Only a fool would even try to compare his or her own endeavors with those of nature. It's true we are all the work of His hands, but our own works can only ever be an homage to Him. May I never miss a chance, or a choice, to pause and recognize how small, but how integral, I truly am: As a part of nature, not a master of it; with a responsibility for and to it, not a power over it. 

Saturday, February 4, 2017

Style

"An old man sits on a granite step.
He plucks a treasured guitar.
The strings throb with feeling;
He needs no audience to open his heart.

A boy enthusiastically wants to learn his style.
'Style?' asks the man slowly. 'My style is made of
The long road of life, of heartbreak
And joy, and people loved, and loneliness.
Of war and its atrocities.
Of a baby born.
Of burying parents and friends.
My scale is the seven stars of the dipper
The hollow of my guitar is the space between heaven and earth.
How can I show you my style?
You have your own young life.'"

I think this is the best reminder that whatever I do, I must do with authenticity. That requires nothing if not humility. The combination invites me to make the most of every small step, joy, and opportunity, and to greet the unexpected with hope and curiosity.

Appreciation

"The sun rose and set today in twelve hours.
We plucked golden pears from arching branches.
Climbing a thousand steps to a rustic temple,
We made our offerings to the gods.

At nightfall, we sat in warm companionship.
A crescent moon joined our circle.
Dipping water from the silver-braided stream,
We set it bubbling in an earthenware pot.

It's not easy to brew good tea,
But this teapot has a venerable history:
A scholar once pawned all his books for it.
Now it imparts the flavor of antiquity."

Doing good work and being honest with one another--if there is a simpler basis for a good and holy life, I don't know what it is. I do know that what I'm grateful for is a better chance to hone the basics while I wait for more. If it never comes, even being honest about my struggle, I will still choose to say thanks.

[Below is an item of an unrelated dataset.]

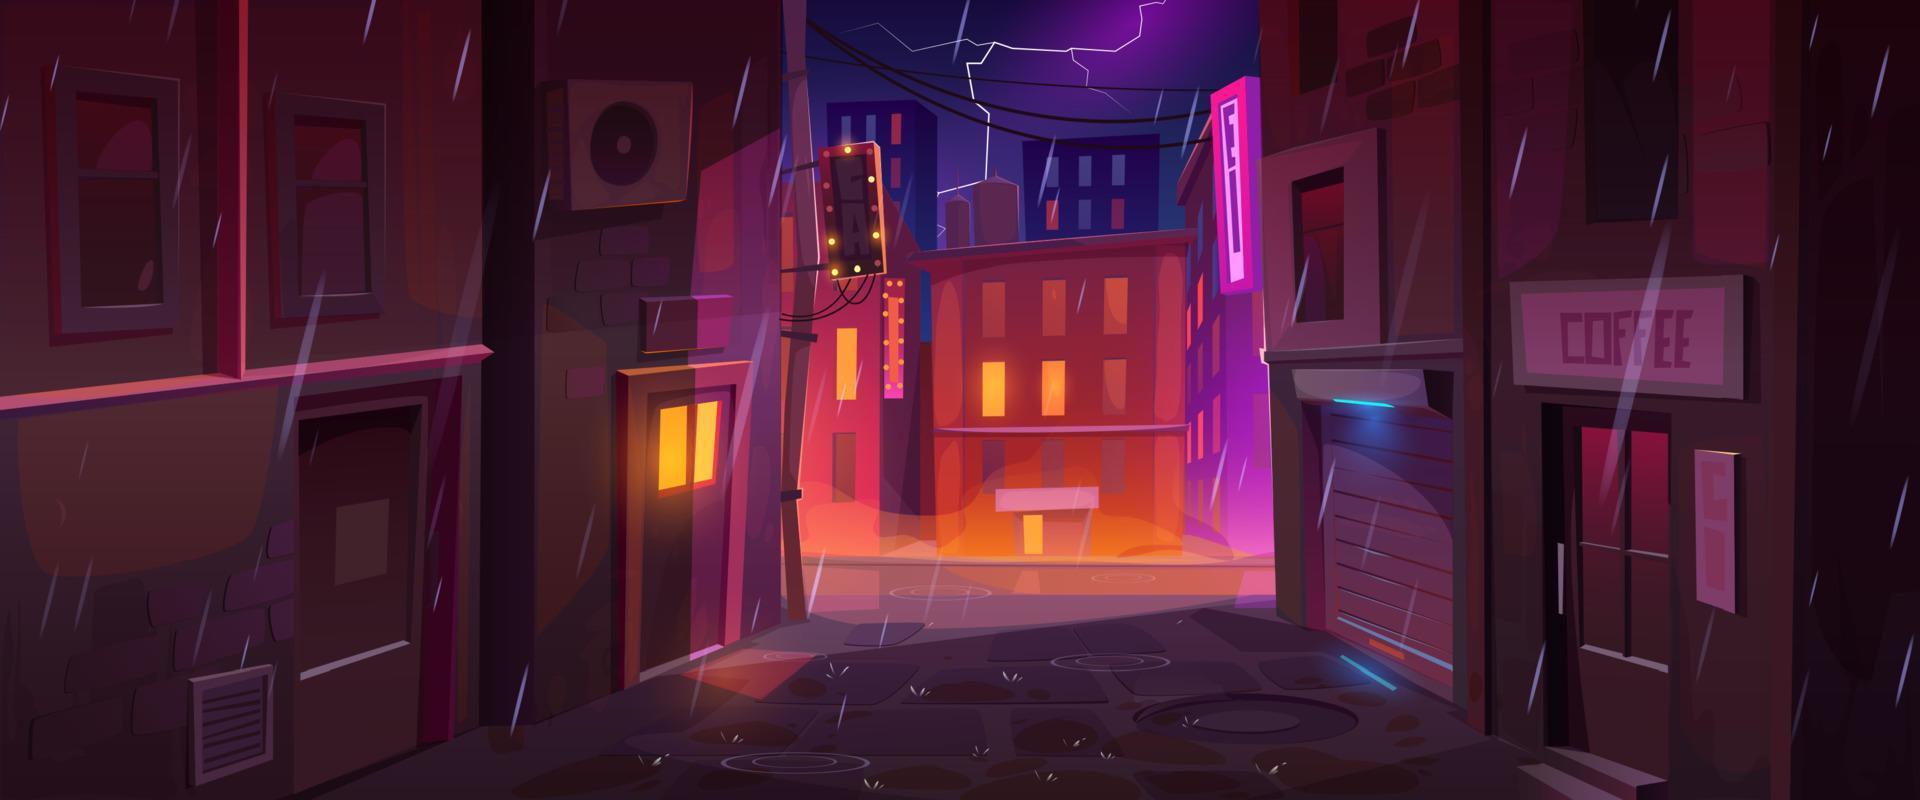 noche lluviosa en la ciudad, ilustración vectorial de dibujos animados vector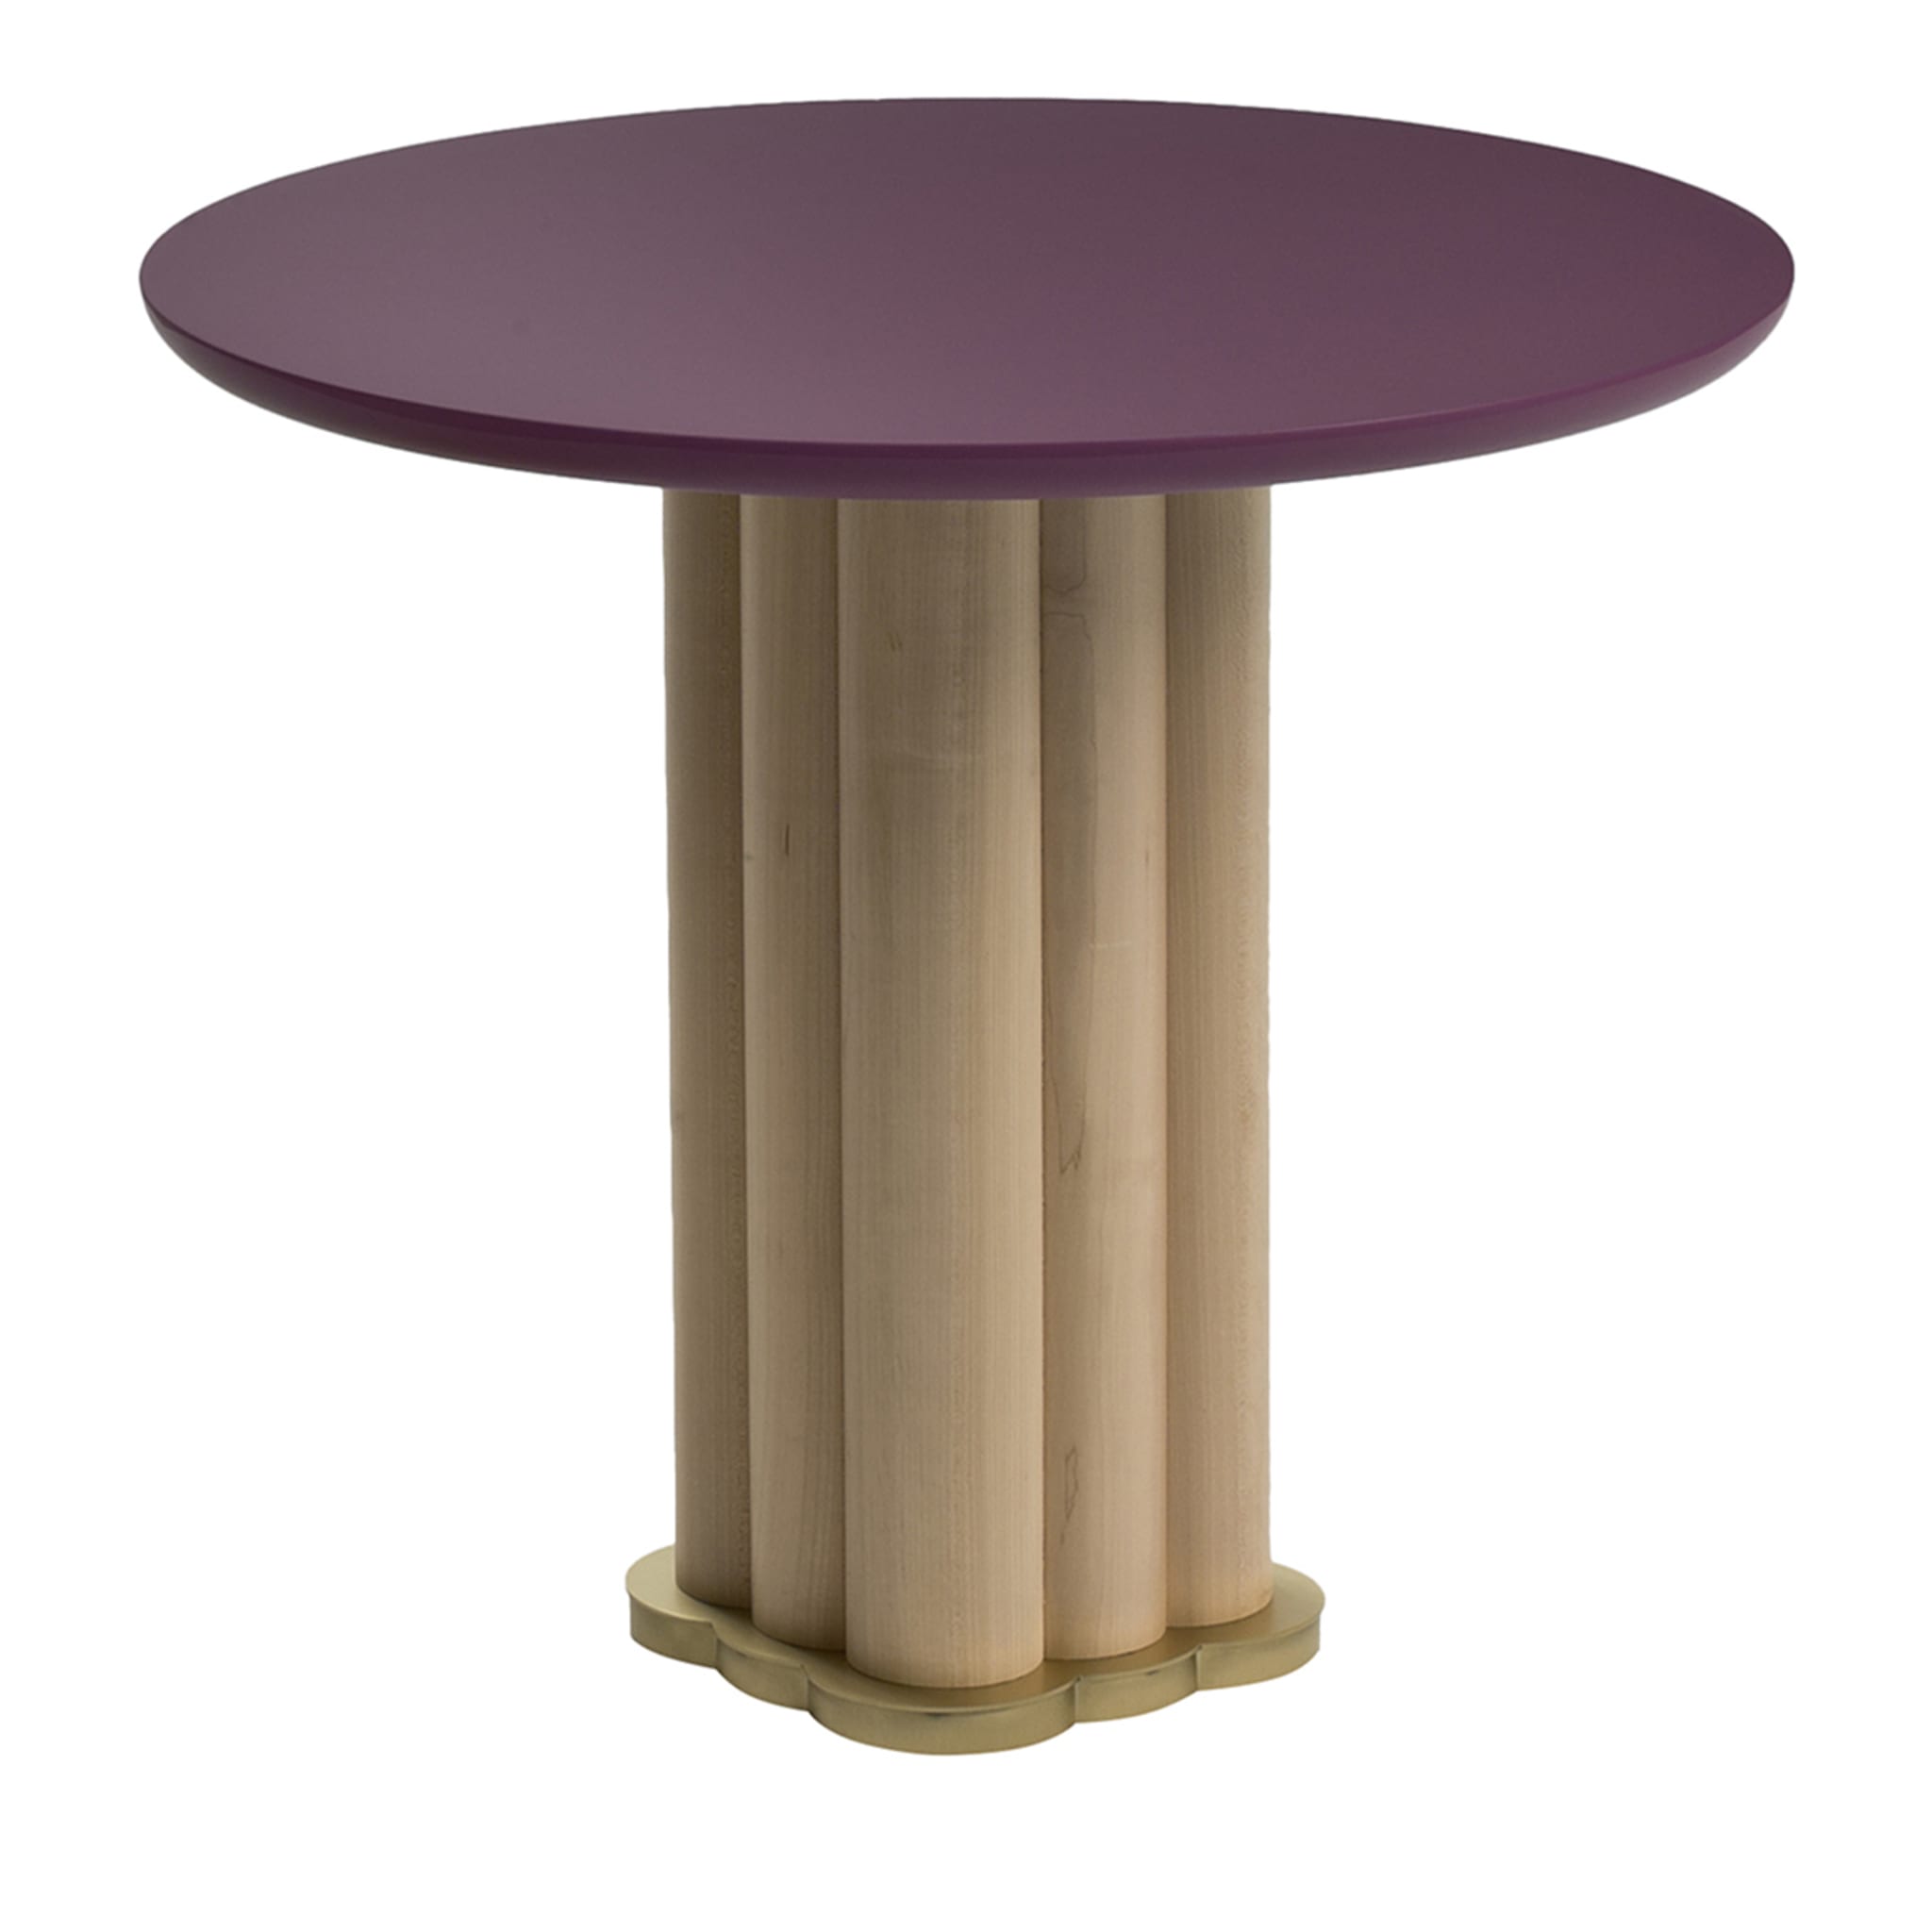 Flo Round Bistro Table by Lorenza Bozzoli - Main view

Thursday, February 2, 2017

Innocence

"Black and orange butterfly--
Flying joyously.
Wings like a nun's hands:
First folded in prayer,
Then open in offering."

I was at Mass once where the priest quoted George Harrison: "Everything can wait but the search for God." Though I've seldom thought of it this way, I'll take this now as a reminder to look for the innocence in everyone. If I am to show mercy, as these times and their events demand, then I must learn to see with the eyes of the One who made me, to hear with His ears and feel with His heart. There is nothing better or greater to do anytime, but especially now. 

Wednesday, February 1, 2017

Noninterference

"I love this lake,
Basin of heavenly tears,
Tilted from lunar pull
Jostling its shore.

I love these mountains,
Stark rock outcroppings,
Sculpted by the oceans,
Lifted at some unknown time,
Isolated in a field of vetch,
Cleaved by silver falls.

A sentinel owl regards me unblinkingly,
And beyond, alpine forests form a cadence
To a distant moon."

I cannot say how many times I have thought or expressed that I wish no harm on anyone currently operating in this new and truly terrifying administration; I wish only that they might become well and truly acquainted with the full extent of the consequences of their proposed actions, both those to come and those already in painful progress. Until then, I can only increase my commitment to preserving my own and our country's principles while countering those who would seek to undermine them. This is a prayer for peaceful coexistence among those who join in the efforts to do both.